Learning Outcome

By the end of this post we’ll be able to describe the three major phases in the power design workflow, and define the most important terms used when discussing power design with AMD FPGAs.

Power Design Process

There are three major phases in the power design process with AMD FPGAs: power estimation, power analysis, and power optimization.

Power Estimation

In the power estimation phase we approximate the power draw of our design before implementing any logic. Because we don’t yet have a design, this takes place outside of Vivado. We can use one of two tools for the power estimation: the Xilinx Power Estimator and the Power Design Manager. The new Power Design Manager supports versal and ultrascale plus FPGAs and SoCs, while the Xilinx Power Estimator supports RF SoC devices, ultrascale devices, and earlier architectures, like the 7 series.

Power Analysis

Once we have described our logic, we can analyze its power draw at each stage of the development flow: post-synthesis, post-placement and post-routing. The post-routing power analysis is the more accurate, because it accounts for the exact logic and routing resources of the final design.

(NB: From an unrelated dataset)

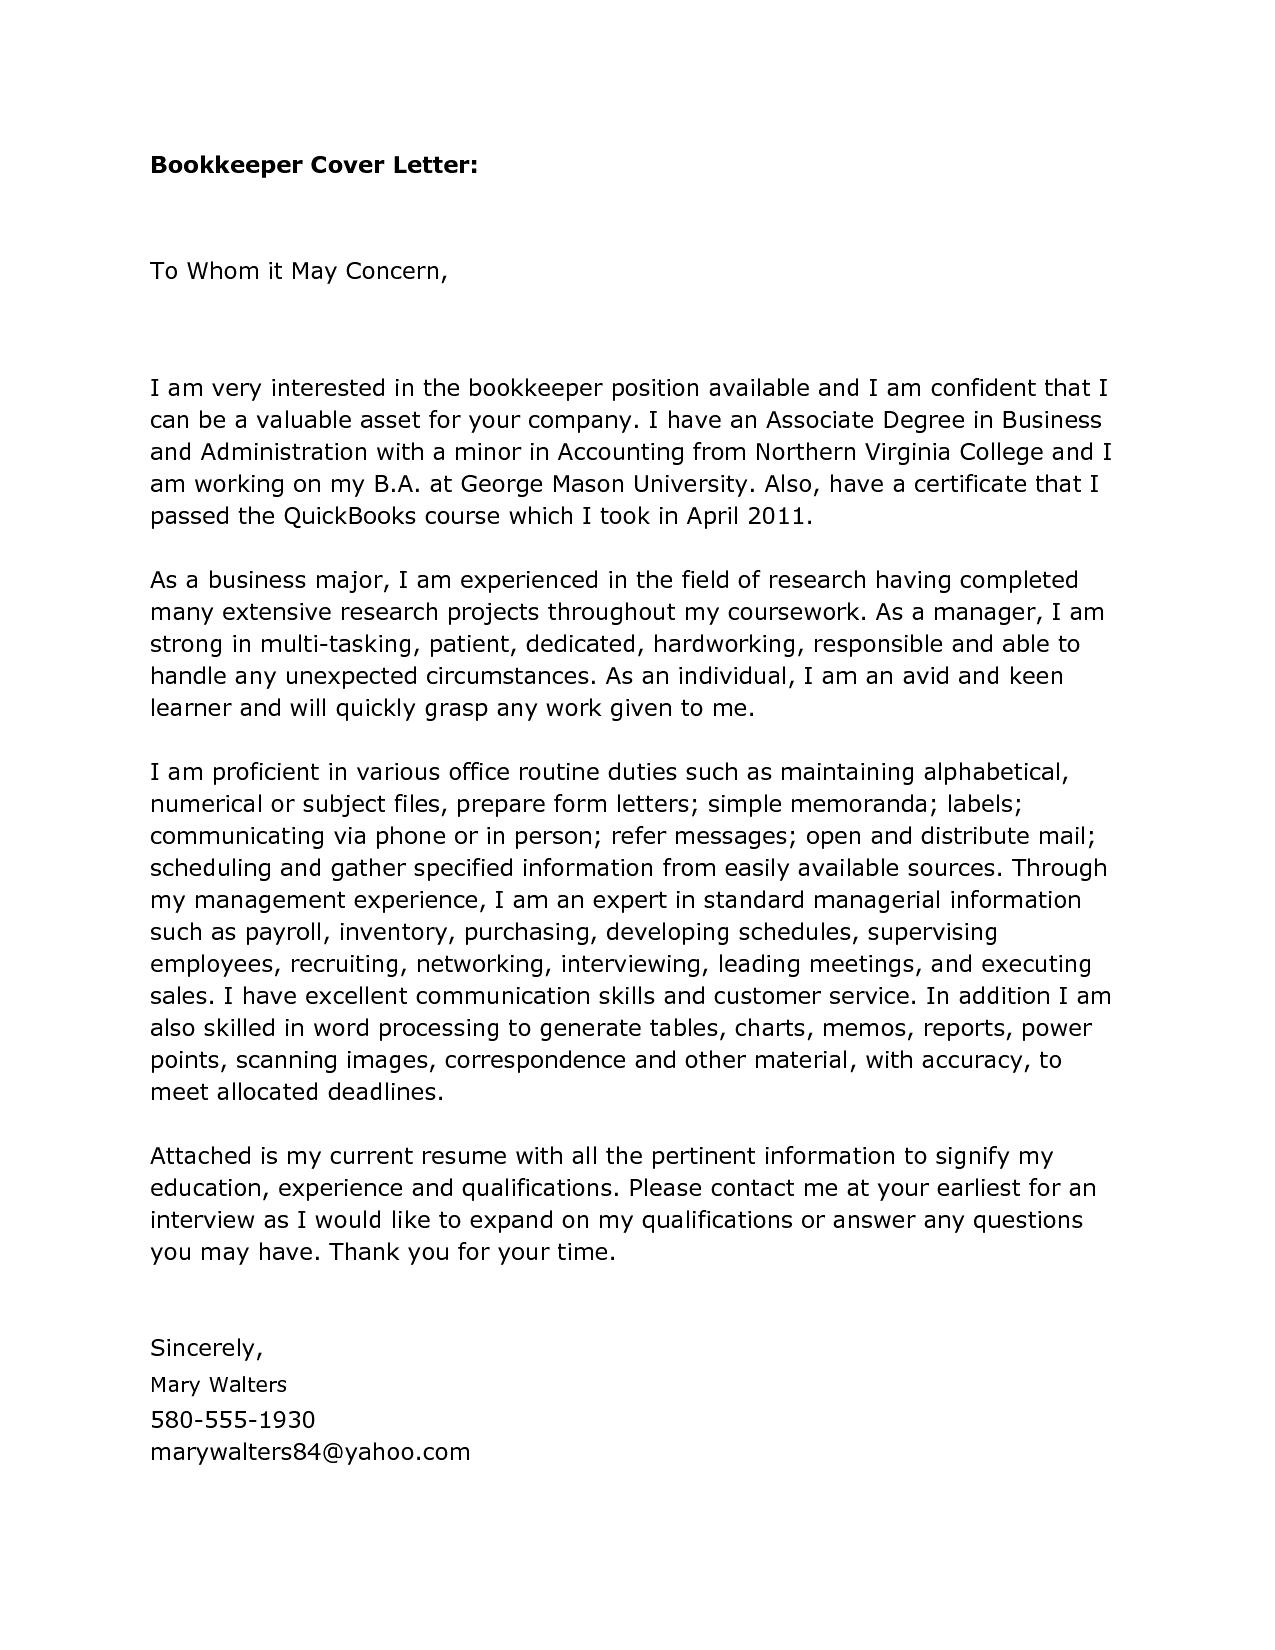 Kkk thesis statement
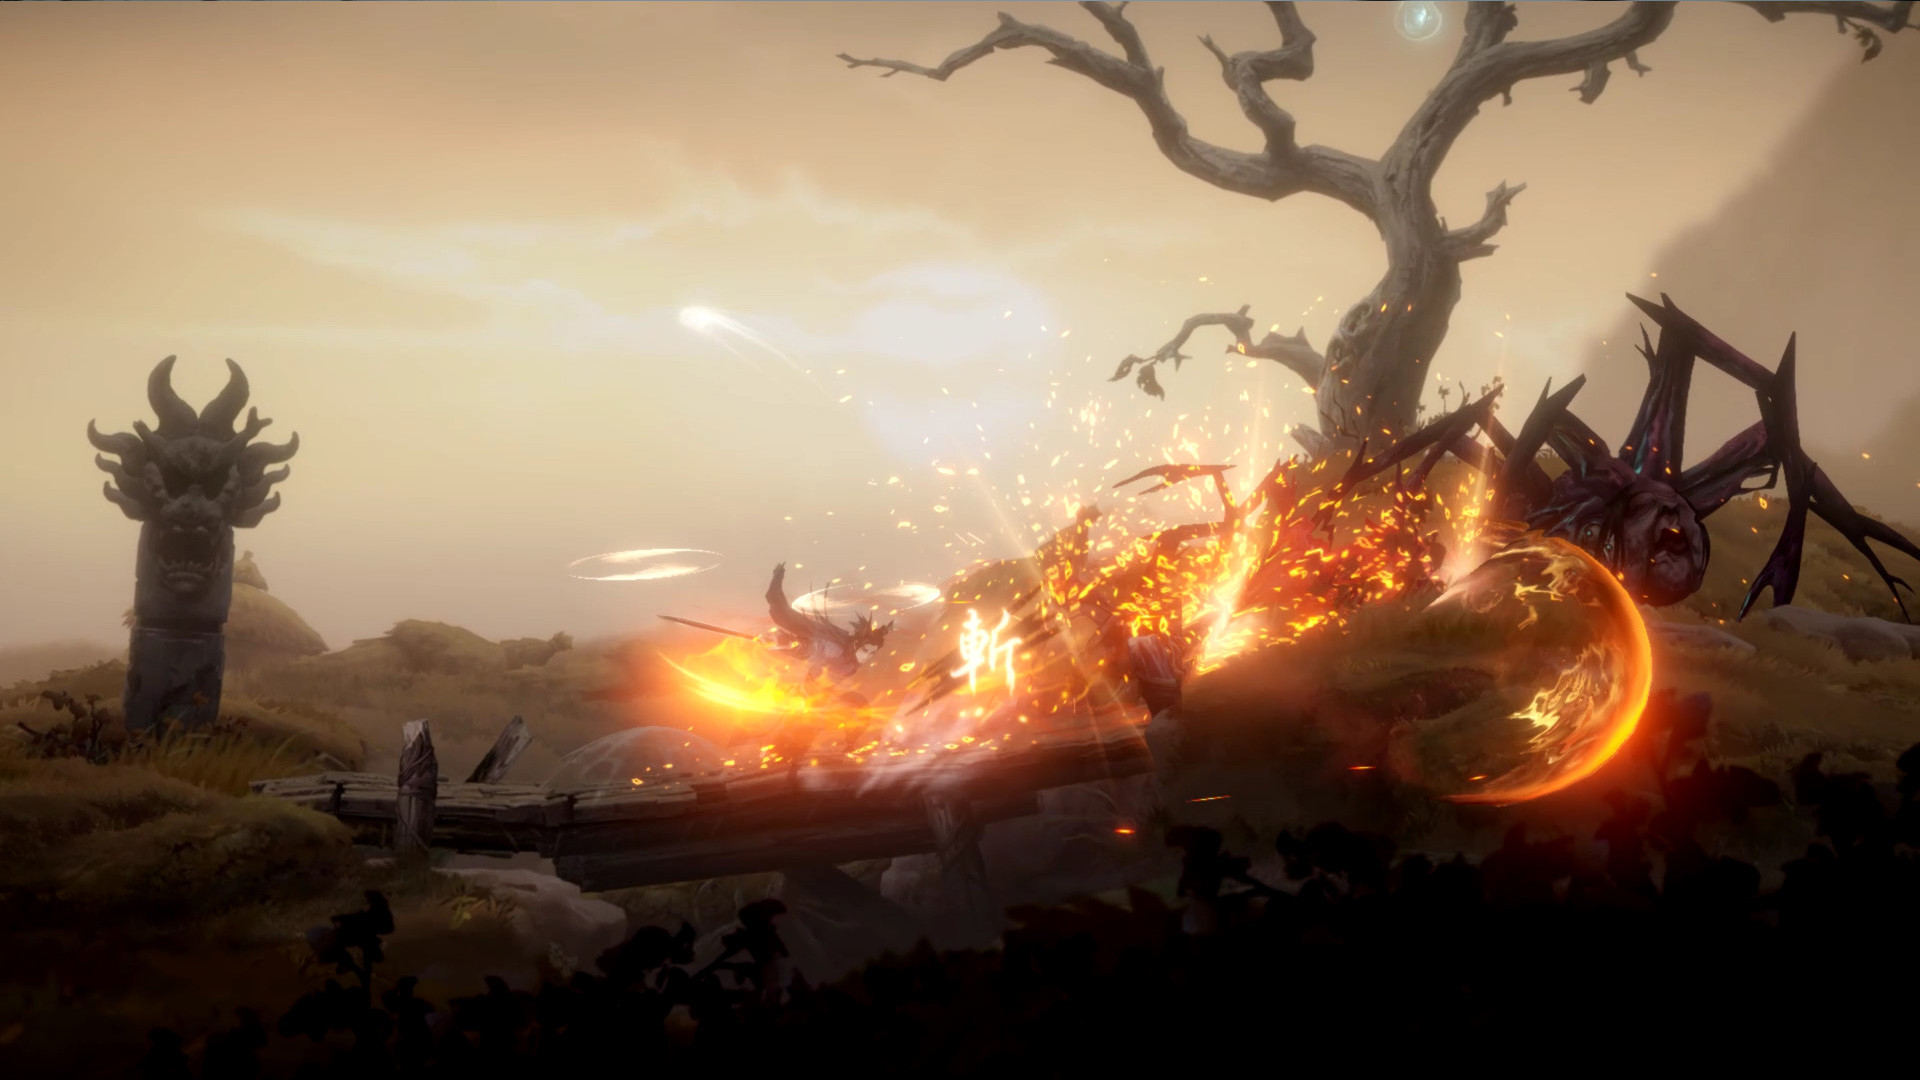 eastern-exorcist-pc-screenshot-1

We use the Power Report within Vivado to perform the Power Analysis. The Power Report tool analyzes the power requirements of our design using information from the physical domain and the functional domain. Information from the physical domain includes the power supplies, the thermal power dissipation system, the enclosure, and the properties of the printed circuit board. This information is usually provided by the electronics and mechanics engineers.

Information from the functional domain includes the type of logic in our design, like the number of registers, block RAMs, and transceivers; as well as the switching activity, like how often the signals in our design change state, and how long they stay asserted. As FPGA designers, we are responsible for generating the information in the functional domain.

Power Optimisation

There are two major strategies for reducing the power draw in our design. On the one hand, we can use power-saving techniques in our code, like adding pipeline stages, sharing resources across logic functions, or disabling unused Block RAMs. On the other hand, we can let Vivado perform power optimization automatically.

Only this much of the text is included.